Convert between progressive MP4 and **fragmented** MP4 (the `moof`/`traf`/`trun`
container behind DASH / HLS / CMAF), losslessly and memory-safely:

```elixir
{:ok, boxes} = ISOMedia.read("movie.mp4")

# progressive -> fragmented: keyframe-aligned ~2s fragments (multiplexed single file)
frag = ISOMedia.fragment(boxes, target_duration: 2.0)
ISOMedia.write("movie.frag.mp4", frag)

# fragmented -> progressive (single moov + mdat)
{:ok, frag_boxes} = ISOMedia.read("movie.frag.mp4")
ISOMedia.write("movie.prog.mp4", ISOMedia.defragment(frag_boxes))
```

`fragment/2` reads each track's samples, picks fragment boundaries from the first
video track's keyframes snapped to `target_duration` (default `2.0` seconds; a
fragment can only start on a keyframe, so it can't be finer than the keyframe
spacing), and emits `[ftyp, moov(+mvex), moof, mdat, …]` with the media referenced
from the source (no copy). `defragment/1` collapses the fragments back into one
`moov` + `mdat`. The two are inverses: `defragment(fragment(x))` reproduces every
sample's timing and bytes.
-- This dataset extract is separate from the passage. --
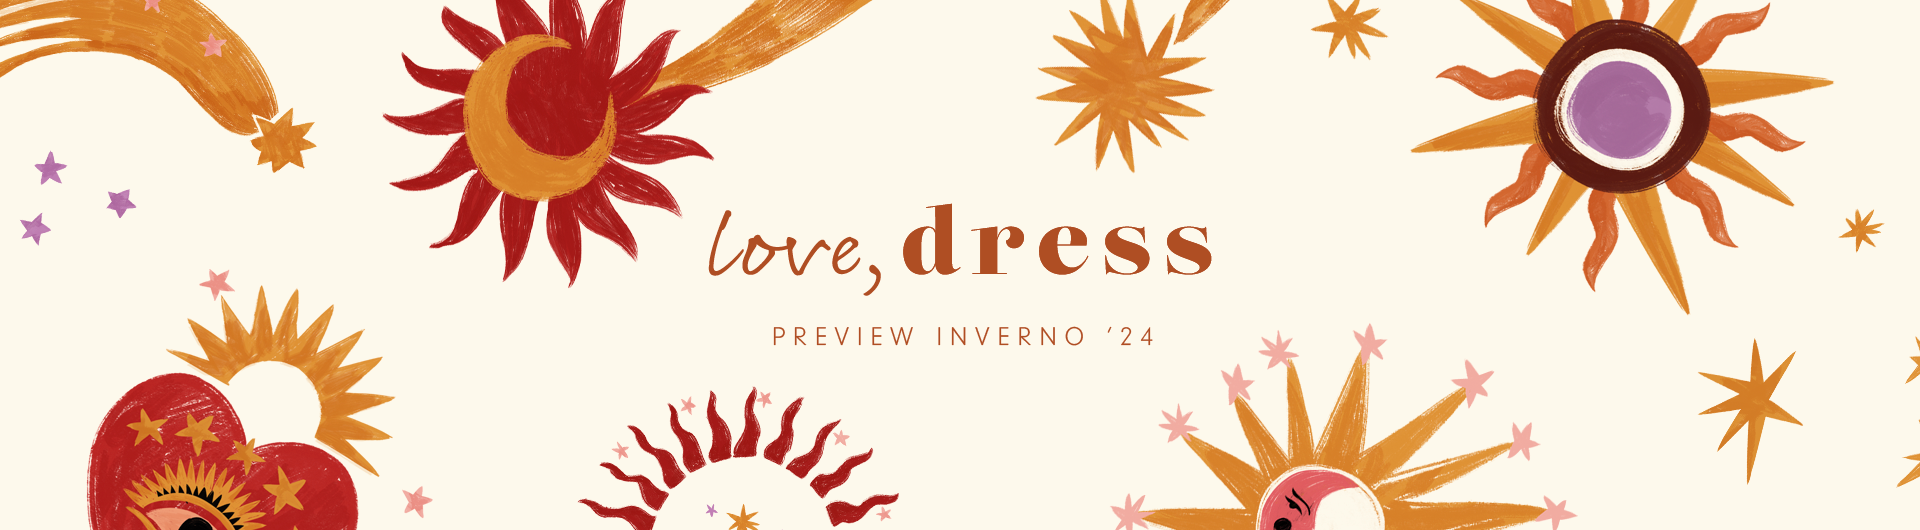 Preview da coleção Liberdade da Dress To. A coleção inclui vestidos, blusas, calças, macacões, saias, casacoes e mais! Love Dress.
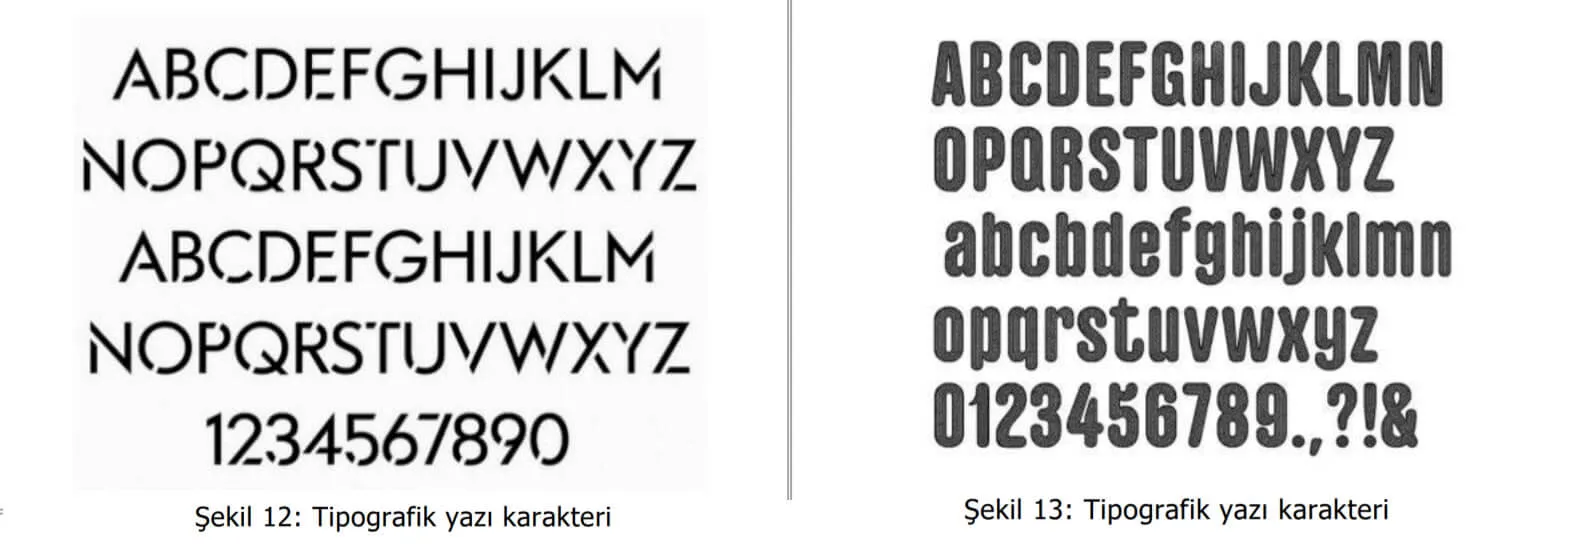 tipografik yazı karakter örnekleri-beşiktaş web tasarım

Separate DASH/CMAF init + media segments and manifest
(MPD / playlist) generation are out of scope. Encrypted (CENC) fragments raise.

## In-memory pipelines

`trim`, `extract_track`, `concat`, `fragment`, and `defragment` all return a box
tree whose `mdat` references the source bytes (a lazy segment list), and they can
read from each other's output — so you can chain operations **without writing
intermediates to disk**:

```elixir
{:ok, a} = ISOMedia.read("a.mp4")
{:ok, b} = ISOMedia.read("b.mp4")

a
|> ISOMedia.trim(0.0, 30.0)
|> then(&ISOMedia.concat([&1, b]))
|> ISOMedia.fragment(target_duration: 4.0)
|> then(&ISOMedia.write("out.frag.mp4", &1))
```

The bytes are identical to running the same stages with a write+re-read between each,
and memory stays at metadata + one stream chunk under `lazy:`. The one exception is
offset rewriting: `faststart/1` and `fix_chunk_offsets/1` operate on an original,
parsed `mdat` and **raise on a synthesized (chained) `mdat`** — run faststart on the
source before editing, or write the result to disk and read it back.

## Status

Implemented, all lossless and verified byte-for-byte against real fixtures:

- **Tree surgery** — parse → navigate/edit/reorder/insert → re-serialize, byte-exact.
- **faststart** — `moov` to the front with `stco`/`co64` rewriting (`stco`→`co64`
  auto-promotion).
- **Lazy payloads** — process files larger than RAM (stream `mdat` disk→disk).
- **Sample index + extraction** — flat `[%Sample{}]` per track; demux one track.
- **Trim** — time-range, keyframe-aligned, frame-accurate (`elst`), interleave-preserving.
- **Concatenate** — join compatible clips end-to-end.
- **Recursive virtual I/O** — chain the above in memory, no disk round-trip.
- **Fragmented MP4** — index/`defragment` fMP4, and `fragment` progressive → fMP4.

Out of scope (for now): re-encoding, DASH/HLS manifest and separate-segment
generation, encrypted (CENC) fMP4, `stz2` compact sample sizes, and HEIF/AVIF `iloc`
image editing. See `docs/superpowers/specs/` for the per-phase designs.